■ Activity
Look through the listing below for the line containing "Instructions for the". Copy it and each line after it up to and including the line containing "9th day of September.", exactly, leaving out pictures.

■ Material to process
=-=-=

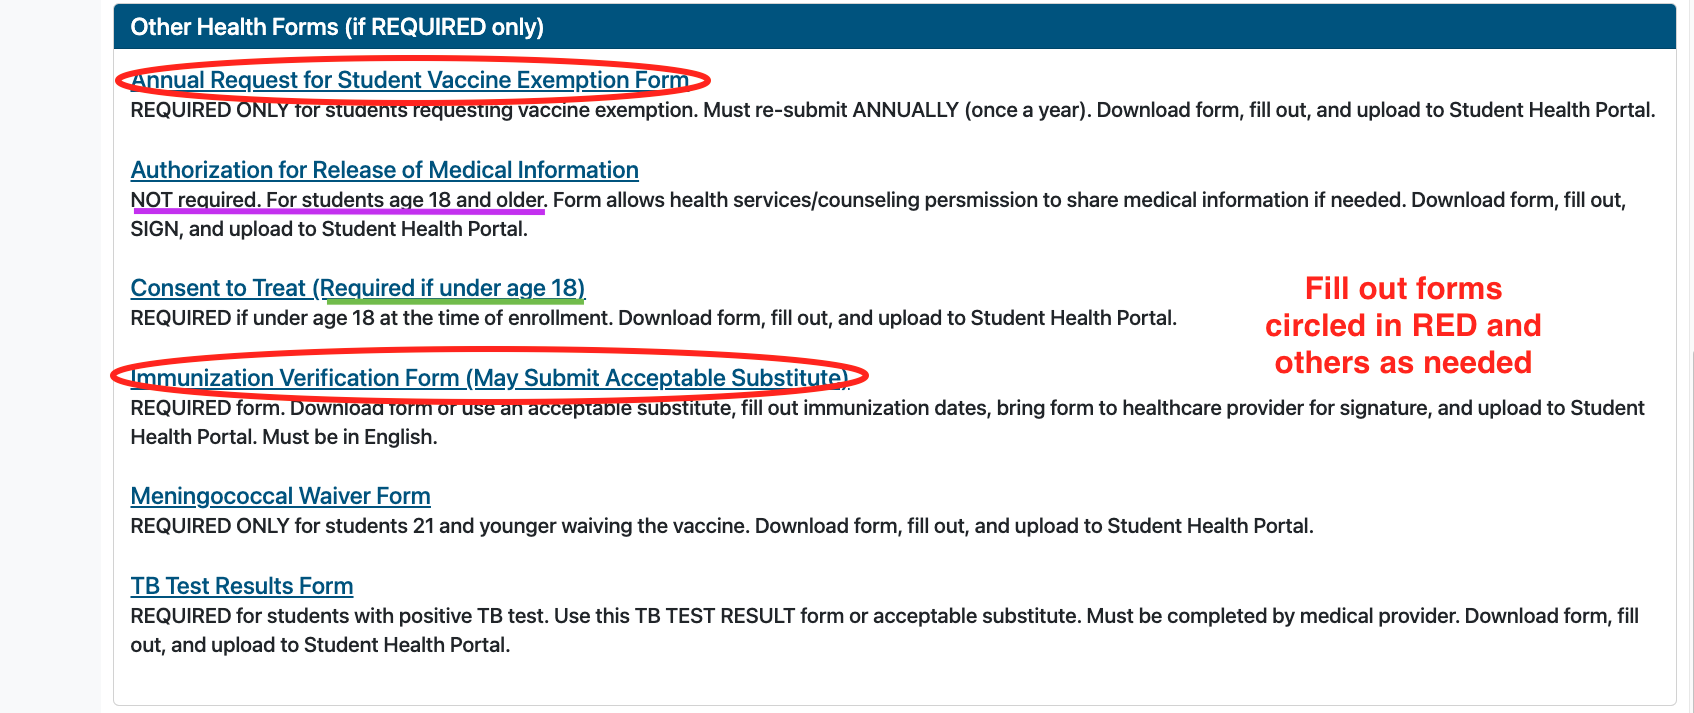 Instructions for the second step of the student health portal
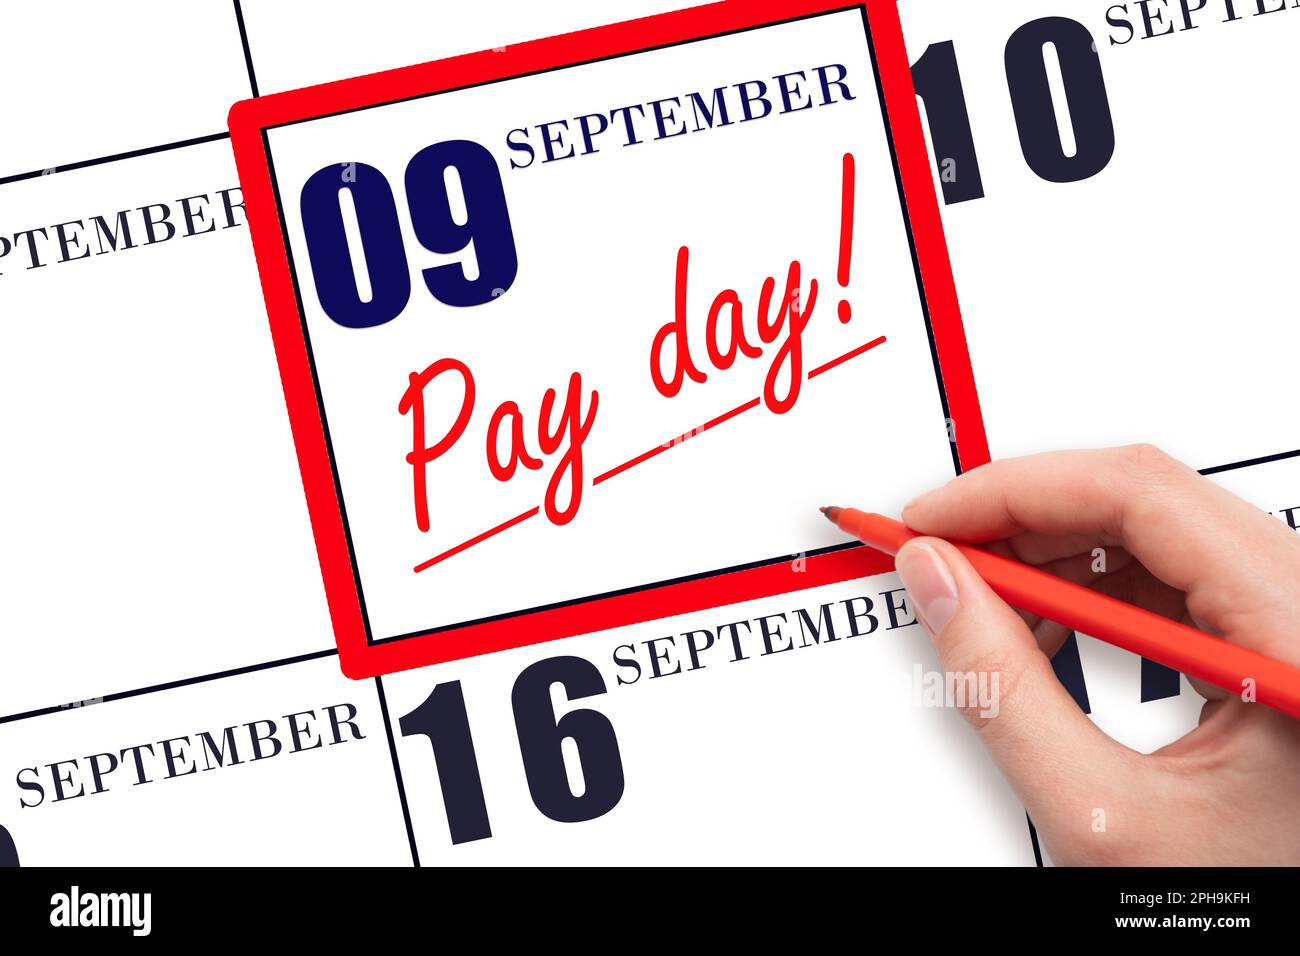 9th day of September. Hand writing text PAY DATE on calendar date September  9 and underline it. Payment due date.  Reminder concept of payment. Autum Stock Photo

=-=-=

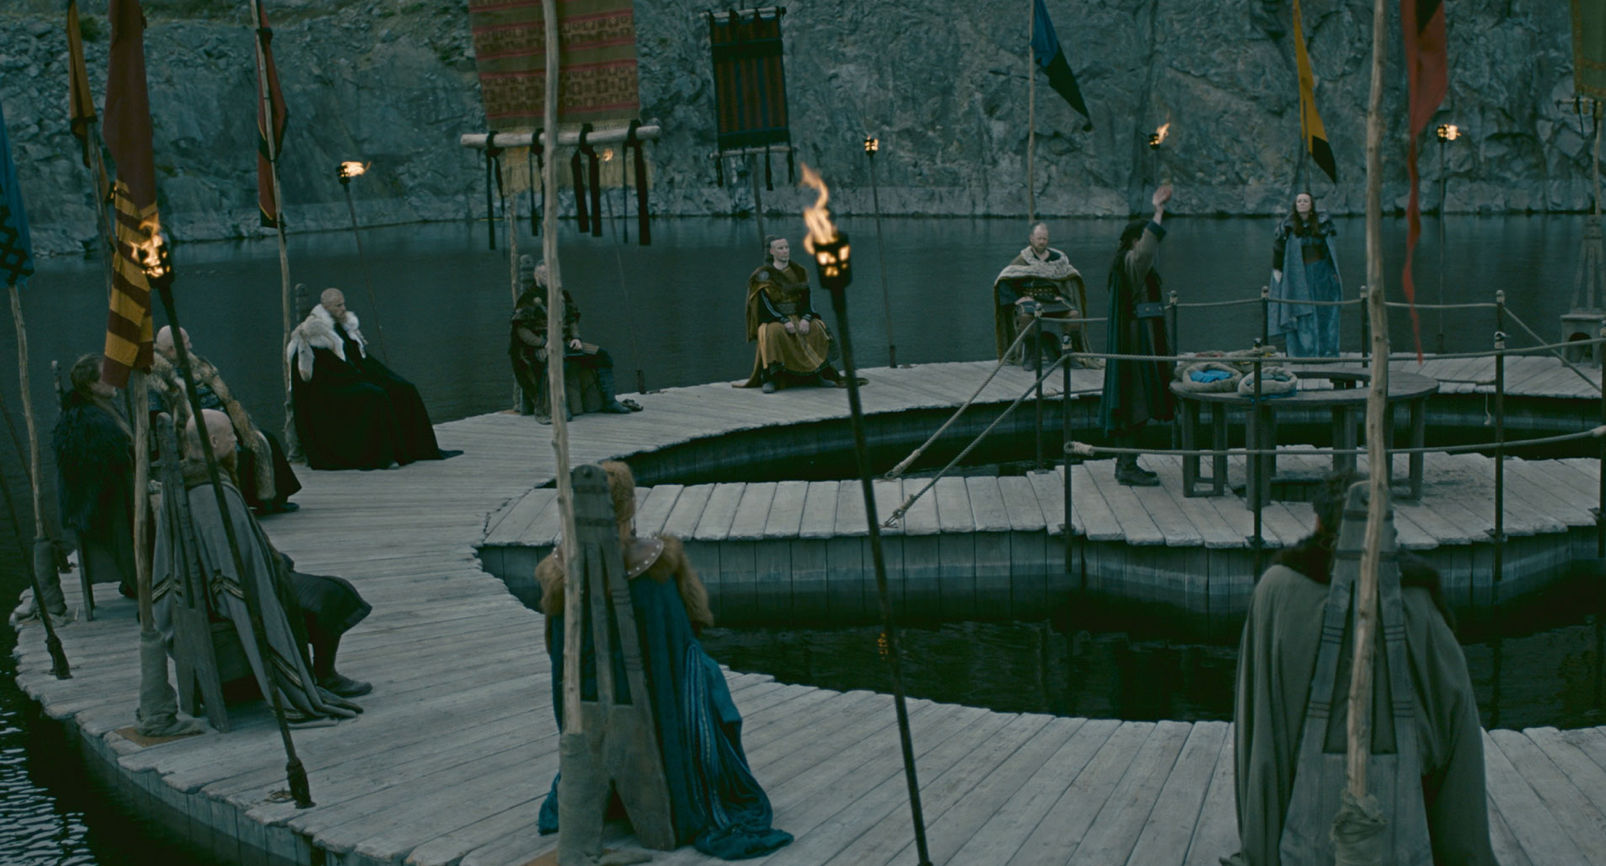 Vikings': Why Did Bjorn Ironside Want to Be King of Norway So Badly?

=-=-=

■ Response area
 Instructions for the second step of the student health portal
 9th day of September. Hand writing text PAY DATE on calendar date September  9 and underline it. Payment due date.  Reminder concept of payment. Autum Stock Photo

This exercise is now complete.